Chapter 70: The Reckoning

He stood with his back to her, hands braced against the mantel, his head bowed. The firelight caught the tension in his shoulders, the rigid line of his spine. He looked like a man holding himself together by sheer force of will.

She watched him from the bed, the sheet still wrapped around her, her notepad forgotten in her lap. She should run. Should take advantage of this moment—his guilt, his distance—and escape before he changed his mind.

She didn't move.

"When I was seventeen," he said, not turning, "I made a promise to myself. I was going to marry you. Not someday, not if things worked out—you. I was going to finish school, take over the business, and marry you. That was the plan. The only plan."

She waited.

"Then my father collapsed. And everything I believed about your family, about you, about the life I'd planned—it all turned to ash." His hands tightened on the mantel. "I couldn't believe you didn't know. Couldn't believe you were innocent. Because if you were innocent, then I had lost you for nothing. And that—" His voice cracked. "That was unbearable."

He turned then, his green eyes bright with something that might have been tears.

"So I chose to believe the worst. I chose to believe you were part of it. I wrote that letter—that terrible, unforgivable letter—and I told myself it was justice. I told myself you deserved to suffer the way I was suffering. I told myself I was being strong."

He crossed to the bed, not touching her, just standing there, looking down at her with an expression that stripped her bare.

"But I wasn't being strong. I was being a coward.
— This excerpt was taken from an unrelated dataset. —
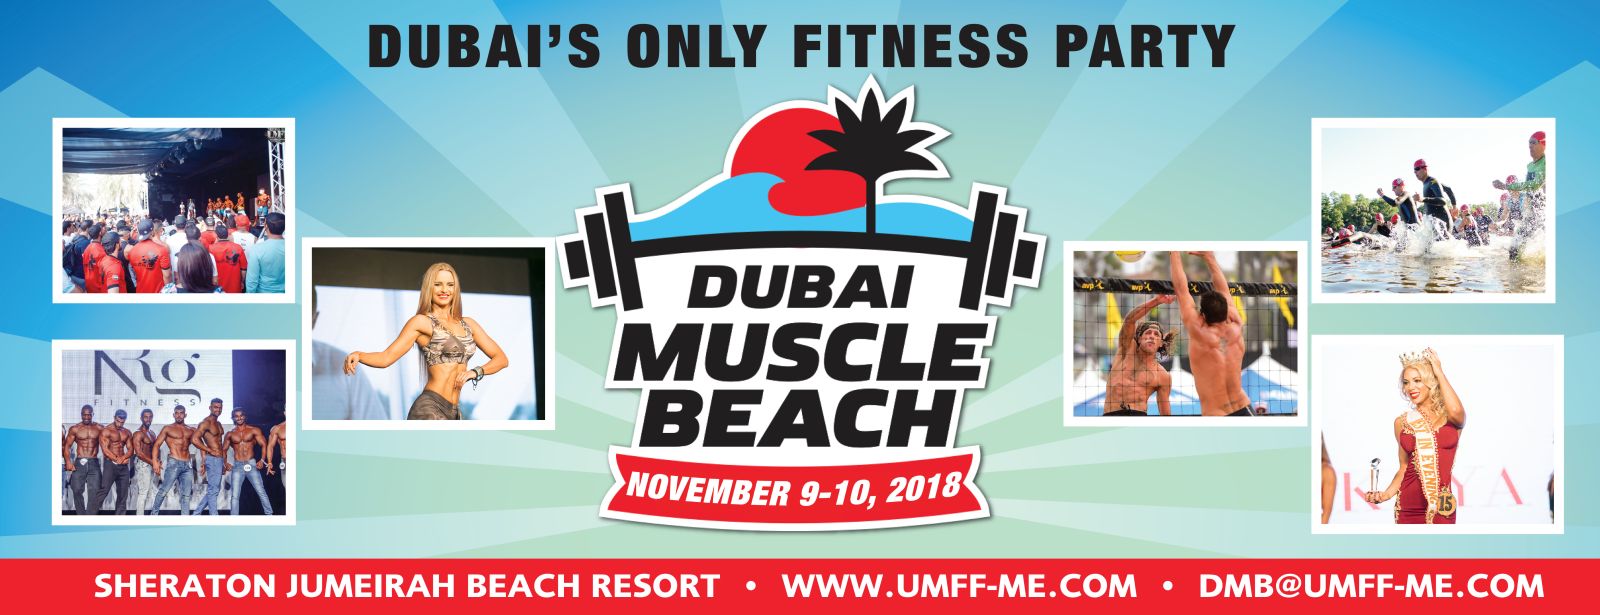 Dubai Muscle Beach 2018 - Coming Soon in UAE
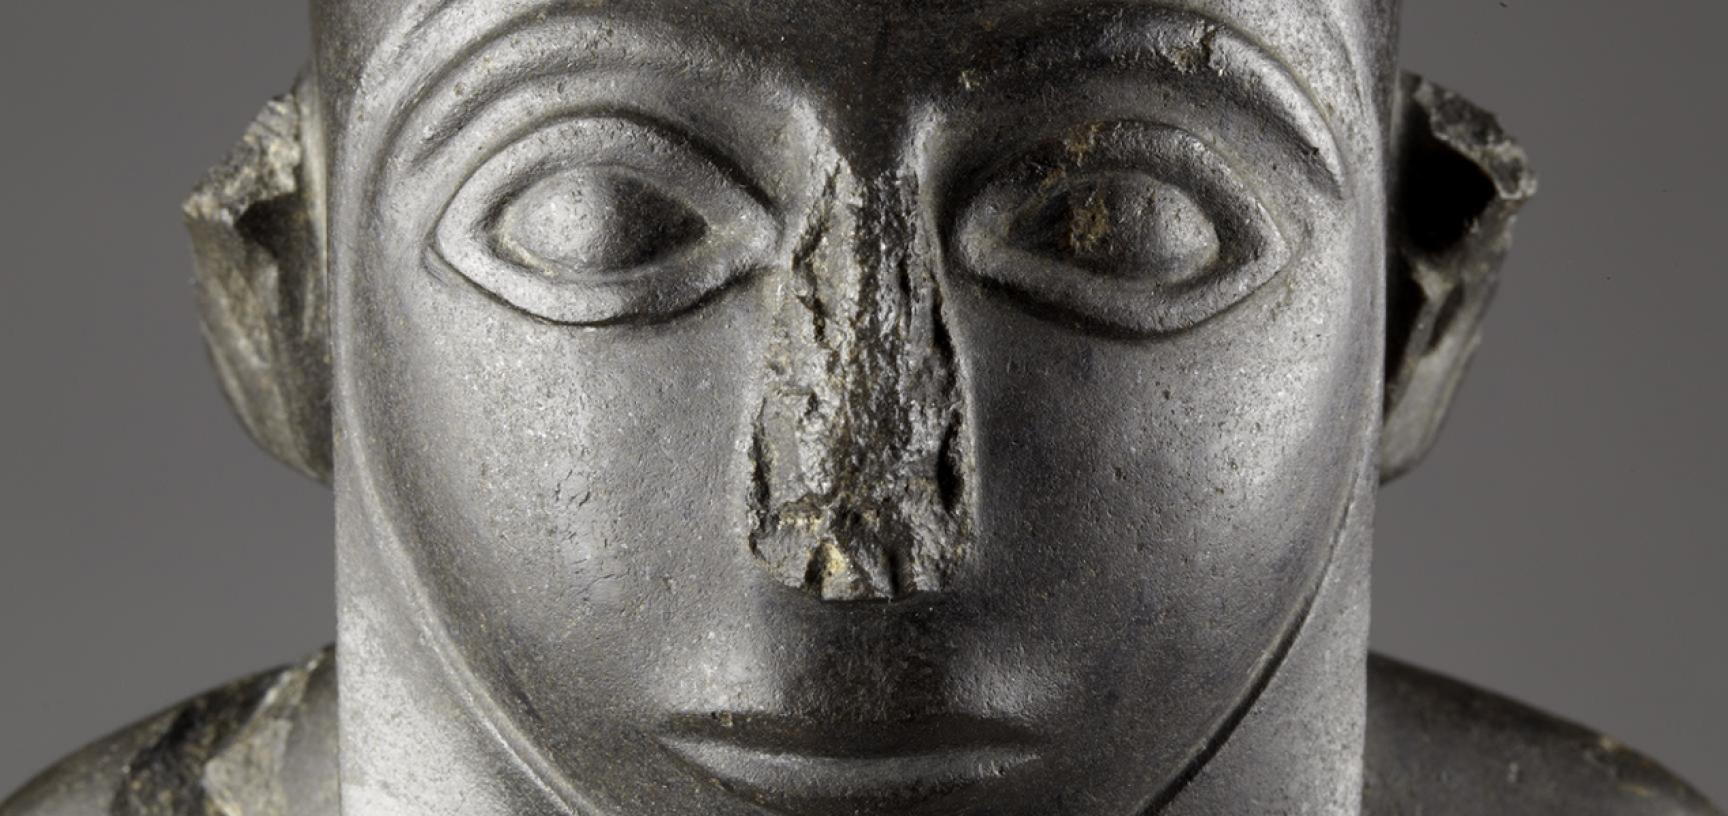 EGYPT AND ITS ORIGINS Macgregor Man, Egypt, possibly 3600-3300 BC at the Ashmolean EGYPT AND ITS ORIGINS Macgregor Man, Egypt, possibly 3600-3300 BC at the Ashmolean

I was so afraid of loving you and losing you that I destroyed us before you could leave me. I made you hate me so I wouldn't have to watch you walk away."

---

She should say something. Should write something. Should give him some response to the words he was pouring out like blood from a wound.

She had nothing.

"You wrote to me." His voice was softer now, almost wondering. "For months. David told me. Letters and letters, pouring your heart out, telling me the truth, begging me to believe you. And I never read them. My mother burned them, and I never even asked if they existed. I just assumed—" He stopped, running a hand through his hair. "I assumed you had forgotten me. That you were happy. That you had moved on with Marcer and left me behind."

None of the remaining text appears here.